El siguiente Papa fue precisamente el cardenal Gian Pietro Carafa. Como ya hemos comentado, era un monstruo tanto para los católicos como para los judíos. Y para Miguel Ángel, fue la resurrección de sus peores pesadillas. Carafa, igual que el papa Pablo IV, estableció el Índice de los Libros Prohibidos, prohibió la entrada al Vaticano de las mujeres, quemó ejemplares del Talmud y de la Cábala, expulsó a los judíos de Roma y los encerró en el gueto, exprimió los ahorros de la Iglesia gravando de forma exagerada a los creyentes para enriquecer a sus sobrinos y a su amante, torturó y quemó en la hoguera a homosexuales, ordenó cardenales a dos sobrinos (de 14 y 16 años) y prohibió el consumo de la patata —importada recientemente del Nuevo Mundo a Europa por sir Francis Drake— por considerarla un fruto de la lujuria enviado por Satán. Pablo IV Carafa causó estragos en la Sixtina. Ordenó arrancar la rejilla de partición, símbolo del velo del sanctasanctórum, y trasladarla varios centímetros en dirección este para de este modo romper la correspondencia perfecta de la capilla con el templo judío. Convocó a Miguel Ángel y le ordenó al anciano maestro recomponer las figuras desnudas de El Juicio Final para que fueran «adecuadas» para la capilla papal. Acalorado, Miguel Ángel le respondió: «Si Su Santidad convierte el mundo en un lugar más adecuado, la pintura seguirá su ejemplo de inmediato». Fue el último encuentro de Buonarroti con Carafa. El Papa que lo sucedió, Pío IV, no era mejor. El único proyecto que le encargó a Miguel Ángel fue una nueva puerta para la ciudad de Roma, la Porta Pia.
Porta Pia, Roma. Fotografía de Roy Doliner.
Detalle de uno de los extraños elementos decorativos que Miguel Ángel colocó en la Porta Pia. Fotografía de Roy Doliner.
Empezada dos años antes de la muerte del artista, la Porta lleva el nombre de Julio, más un elemento de diseño inusual: unas extrañas muescas circulares rematadas con borlas.
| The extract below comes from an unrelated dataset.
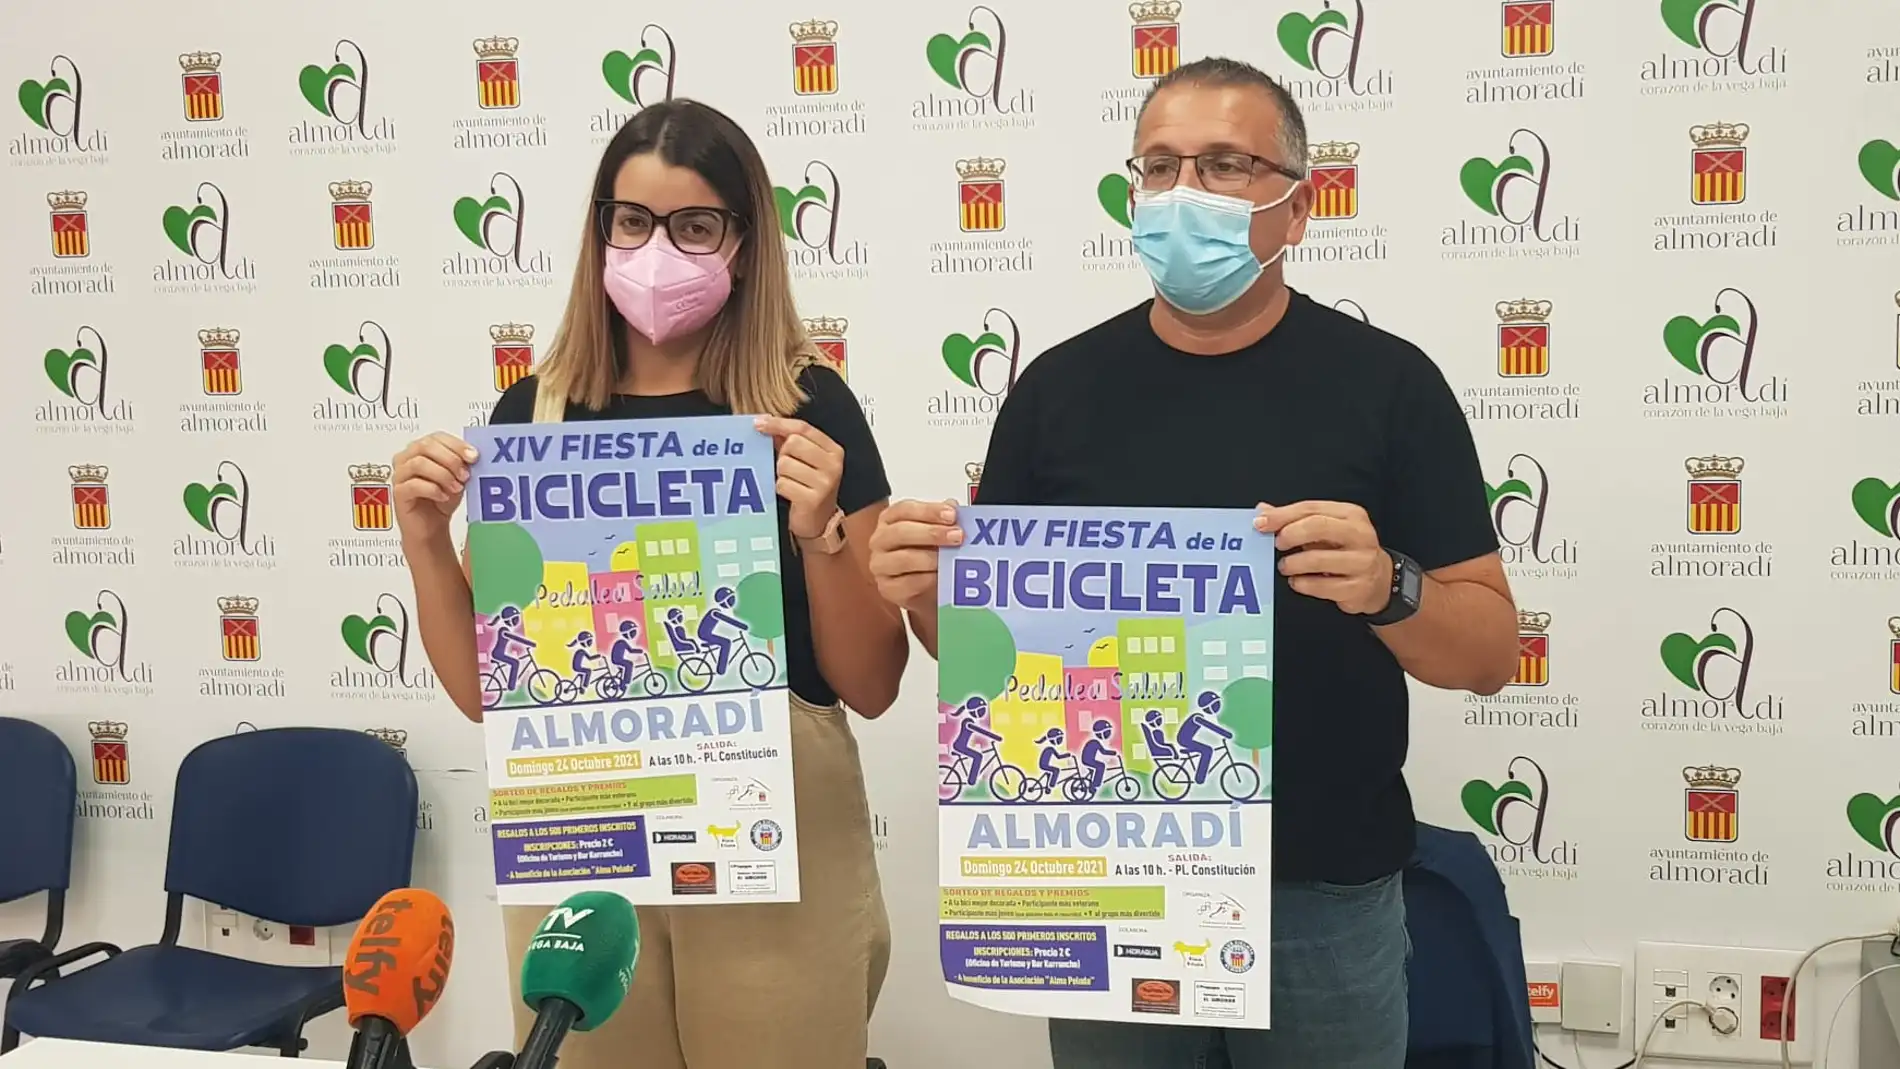 Vuelve la XIX Fiesta de la Bici a Almoradí el próximo 24 de octubre

El Vaticano tardó más de un siglo en descubrir que, con este diseño, el artista arquitecto estaba insultando a otro Papa. Pío IV, pese a todas sus pretensiones, venía de una familia humilde: su padre era barbero y practicaba, además, sangrías. Se descubrió que el excepcional motivo decorativo de la Porta Pia era nada más y nada menos que el recipiente de un barbero itinerante con una toalla. Miguel Ángel había dado una bofetada más al inflado ego papal. Pío, aun ignorando este recordatorio público de sus humildes raíces, fue responsable de una horrible afrenta. Mientras Miguel Ángel yacía en su lecho de muerte, su último alumno y ayudante, Daniele da Volterra, recibió un ultimátum impensable. El Concilio de Trento, que había dedicado mucho tiempo y energía a condenar formalmente las «diversas obscenidades y herejías» de El Juicio Final pintado al fresco en la Sixtina, presentó dos alternativas a Volterra: destruir por completo la obra de arte, o encargarse de su censura. Con todo el dolor de su corazón, Daniele inició el terrible trabajo de cubrir con taparrabos y ropajes las partes más cuestionables de la obra de arte de su mentor. Fue el principio del «tapado» de los mensajes secretos que Miguel Ángel había destinado al mundo entero. La ya mundialmente famosa bóveda de la capilla Sixtina estaba también bajo amenaza de censura o destrucción, pero al final permaneció ilesa, y por una única razón. Nadie supo cómo reconstruir el futurista andamiaje en forma de «puente colgante» de Miguel Ángel, la única manera de trabajar en la bóveda sin dejar fuera de servicio durante años la capilla. La obra de arte pictórica de Miguel Ángel se salvó, pues, gracias a su extraordinaria capacidad de ingeniería.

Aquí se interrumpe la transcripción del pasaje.